In a study published in Atmospheric Chemistry and Physics, Diamond and graduate student Lilli Boss from FSU’s Department of Earth, Ocean, and Atmospheric Science demonstrated that new fuel regulations, which reduced sulfur content by approximately 80 percent, also decreased cloud droplet formation by about 67 percent compared to previous, more polluting fuels.
“The unexpected rerouting of global shipping gave us a unique opportunity to quantify aerosol-cloud interactions, reducing the largest source of uncertainty in global climate projections,” said Diamond. “When your ‘laboratory’ is the atmosphere, it’s not every day you can run experiments like this one. It was an invaluable opportunity to get a more accurate picture of what’s happening on Earth.”

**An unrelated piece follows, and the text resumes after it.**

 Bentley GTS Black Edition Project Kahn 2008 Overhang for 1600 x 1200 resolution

Understanding Aerosol-Cloud Interactions
The findings from this study could significantly refine global climate models, providing policymakers and scientists with more accurate climate predictions and insights into how environmental policies can protect human health. In January 2020, the International Maritime Organization (IMO) mandated a substantial reduction in sulfur content in marine fuels to curb air pollution. Aerosols from ship emissions, particularly sulfate, influence cloud formation and brightness, affecting Earth’s energy balance.
These aerosol-cloud interactions cause clouds to form with smaller, more numerous droplets, making them brighter and more reflective of sunlight. This creates a cooling effect, which has historically masked about one-third of the warming caused by greenhouse gases. However, the effects of air pollution are marked by significant uncertainty and variability. Unlike long-lived greenhouse gases such as carbon dioxide, aerosols remain in the atmosphere only for days or weeks, making aerosol-cloud interactions the largest source of uncertainty in global climate projections.

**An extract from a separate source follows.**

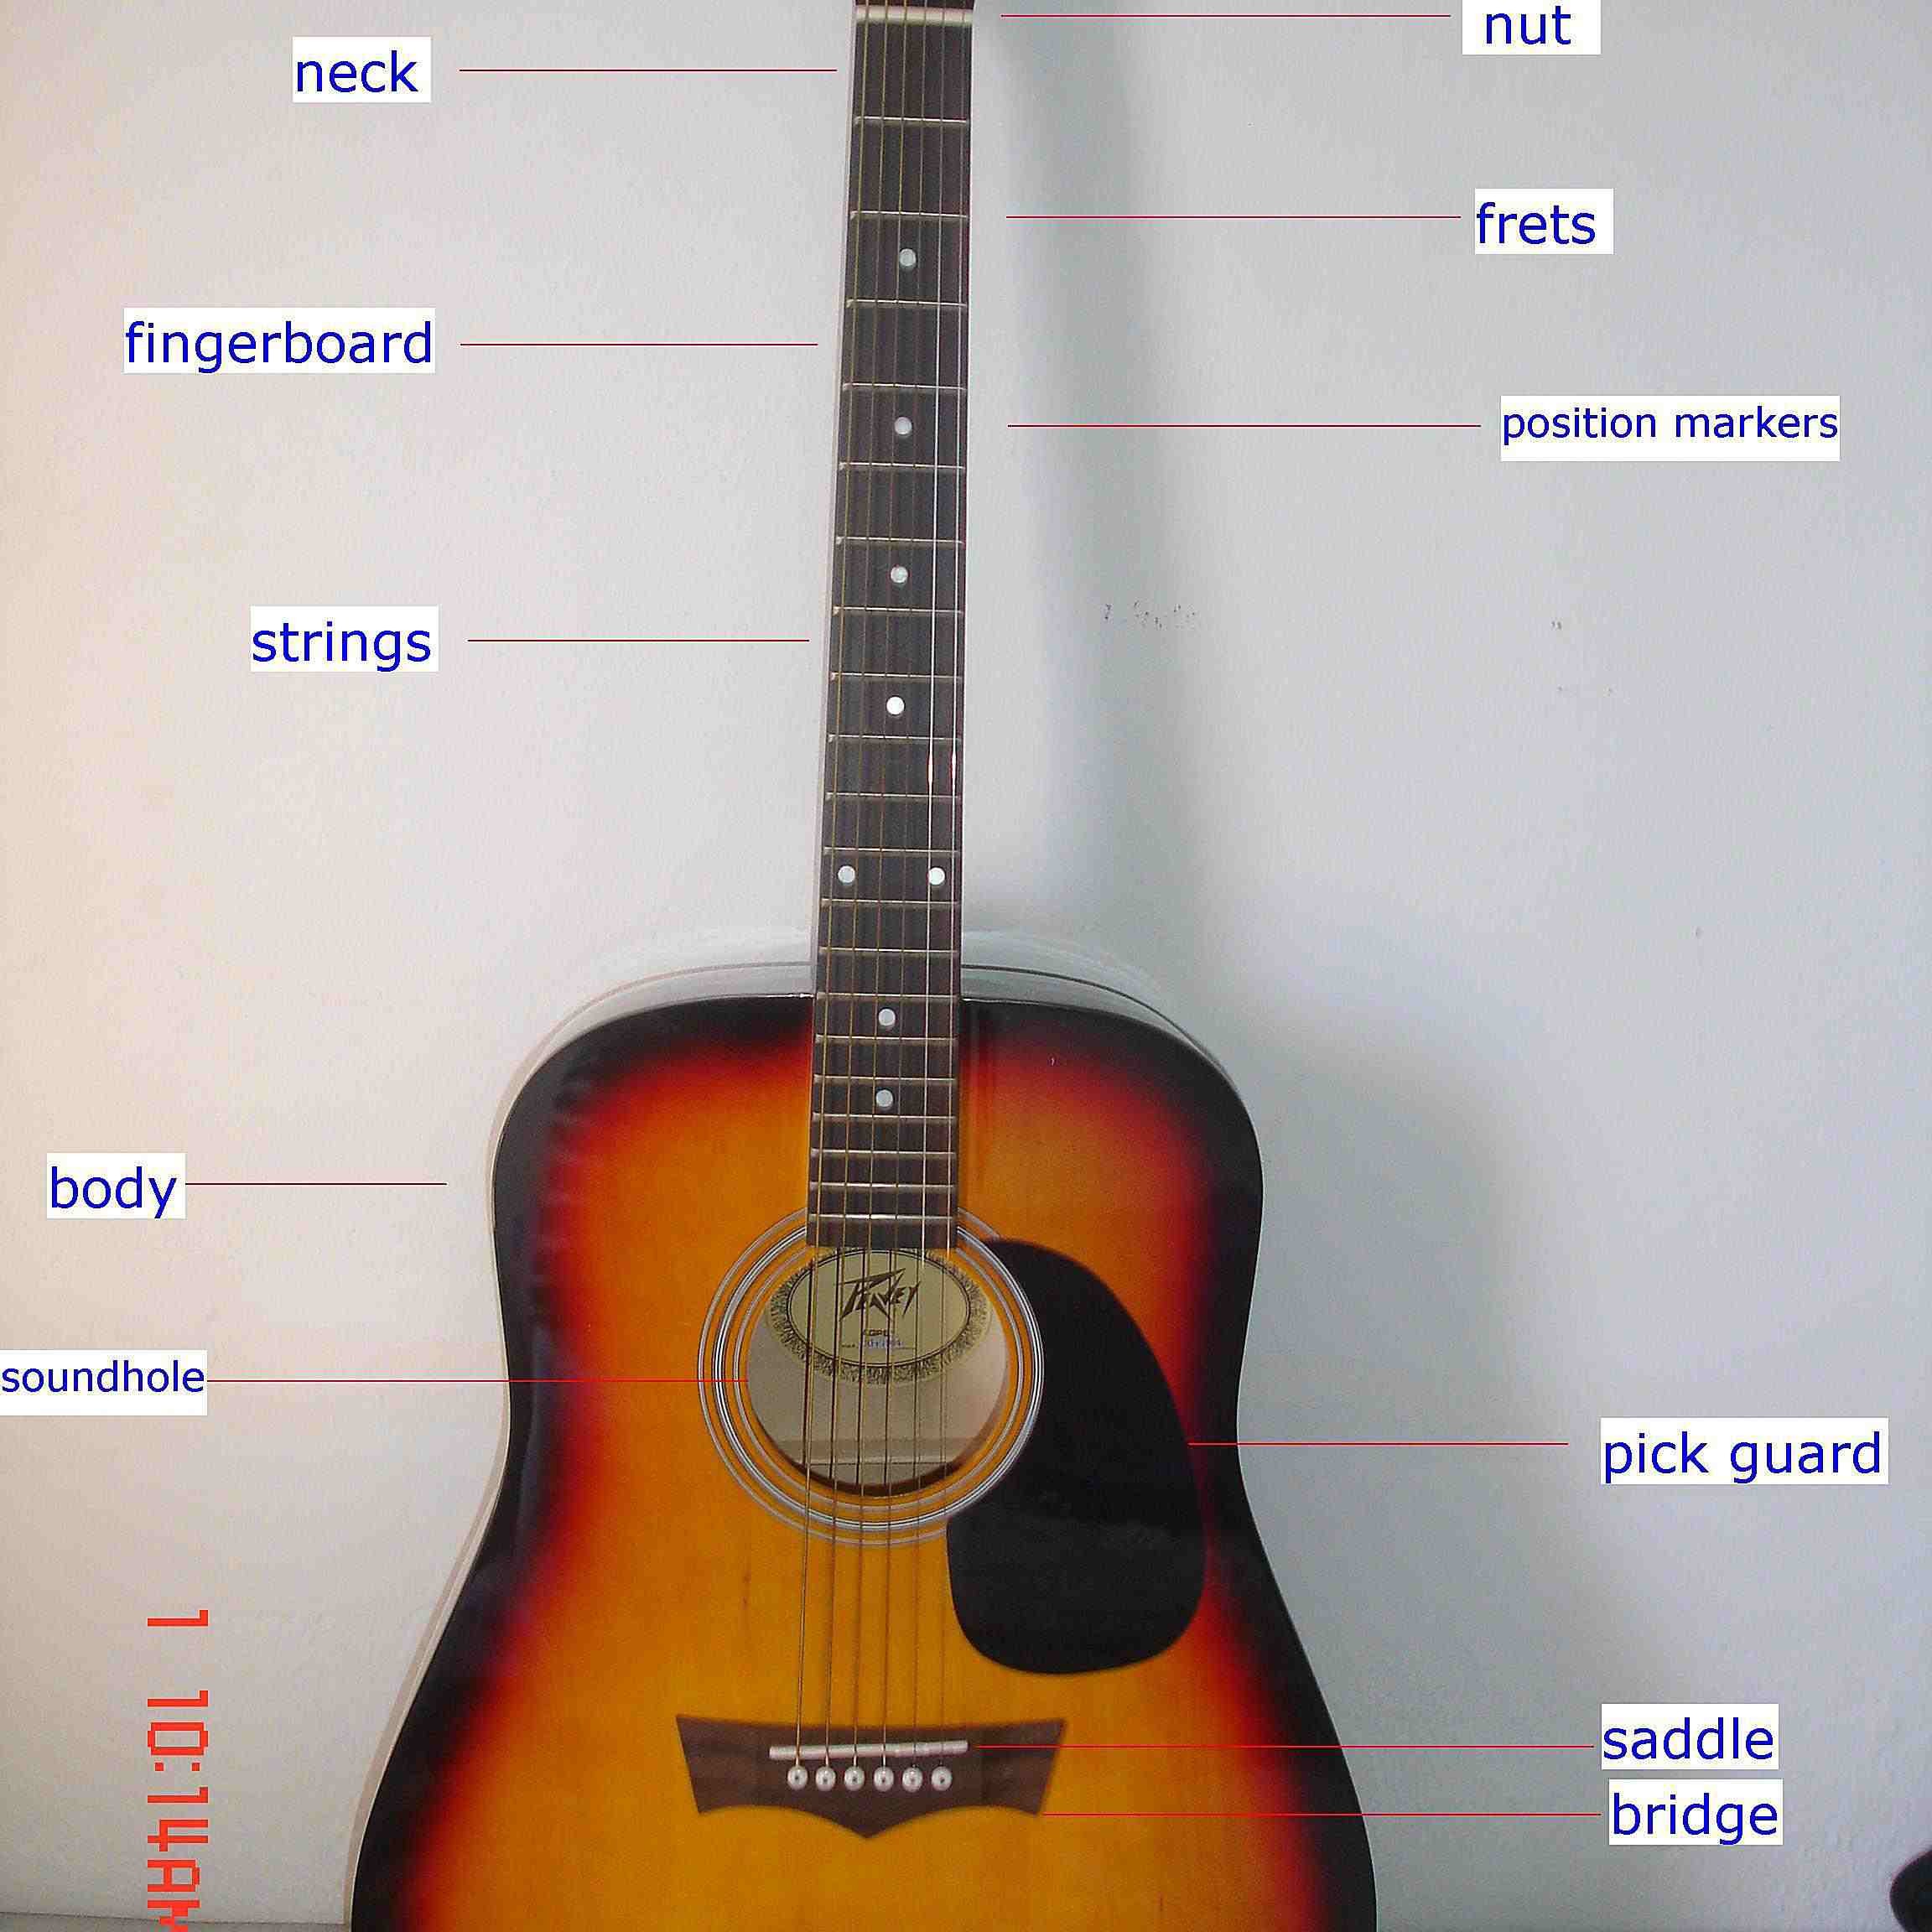 Parts of the Guitar

Impact of IMO 2020 and Recent Developments
Diamond’s previous research indicated that clouds in major shipping corridors were forming with larger and less numerous droplets after the implementation of IMO 2020 regulations. Currently, scientists are debating the role of the resulting increase in absorbed sunlight over the ocean in the 2023 and 2024 marine heatwaves in the Atlantic Ocean. There is also disagreement on how much cloudiness declined post-IMO 2020, with estimates ranging from a modest 10% change to a significant 80% decrease.

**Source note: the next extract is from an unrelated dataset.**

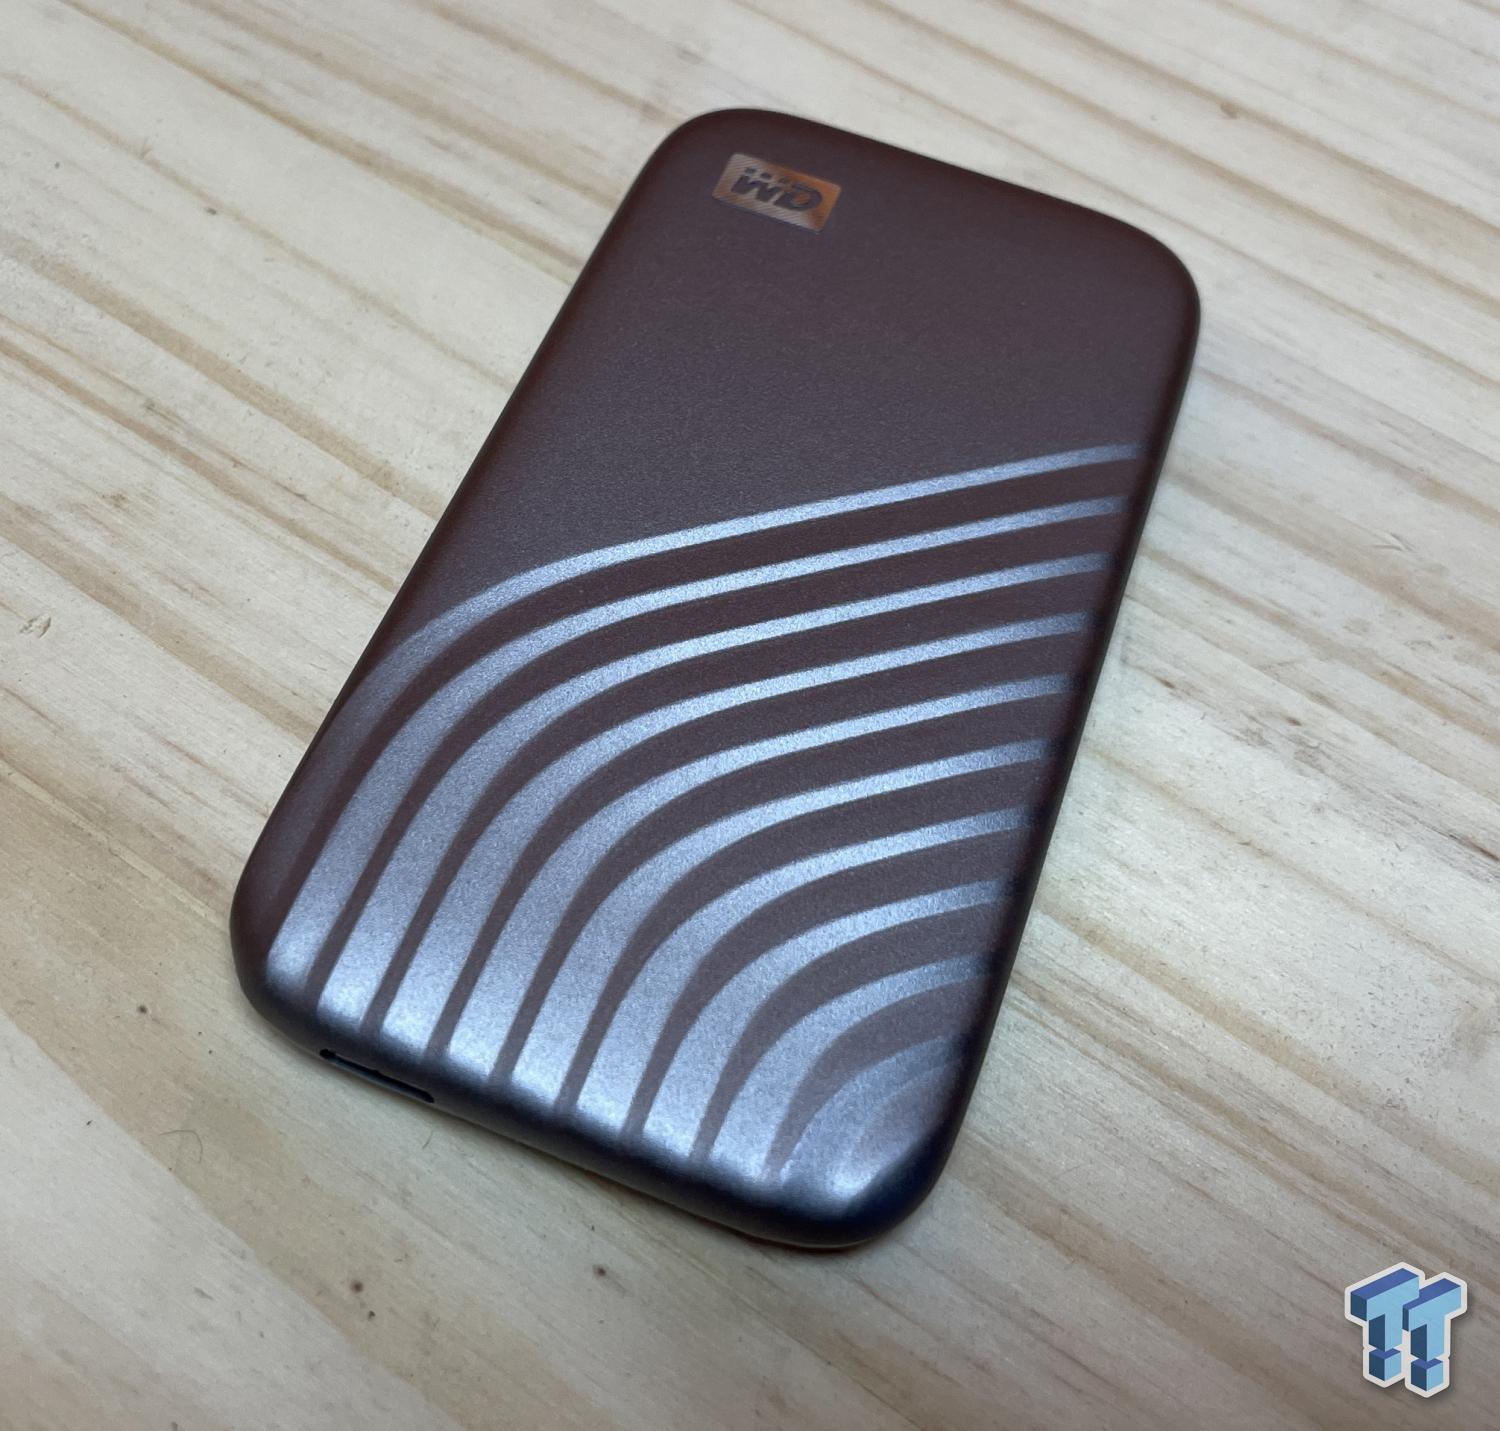 WD My Passport SSD SSD Portable 4TB Review

Beginning in November 2023, attacks in the Bab al-Mandab Strait led to a sharp decline in Red Sea traffic and a surge in shipping around the Cape of Good Hope. Consequently, the South Atlantic region, known for its persistent, low-lying clouds, experienced a sudden increase in ship volume. This rerouting, driven by conflict rather than weather or policy, allowed researchers to observe changes in cloud formation directly linked to ship emissions, offering a valuable natural test case.
Satellite Data and Future Implications
Satellite data revealed a noticeable increase in nitrogen dioxide (NO2) over the southeastern Atlantic Ocean. NO2, a gas emitted by ship engines that was unaffected by the 2020 IMO fuel regulations, served as a reliable indicator of increased ship activity. This confirmed a surge in traffic through the region, enabling scientists to directly compare pre- and post-regulation conditions under heavy ship traffic.
The implications of these findings are profound. By providing a clearer understanding of aerosol-cloud interactions, this research could lead to more precise climate models and inform future environmental policies. As global shipping routes continue to evolve due to geopolitical and environmental factors, ongoing research will be crucial in understanding the broader impacts on our planet’s climate system.
Looking ahead, scientists and policymakers will need to consider these findings as they develop strategies to mitigate climate change and protect human health. The study underscores the importance of international cooperation and regulation in addressing the complex challenges posed by global shipping and its environmental impacts.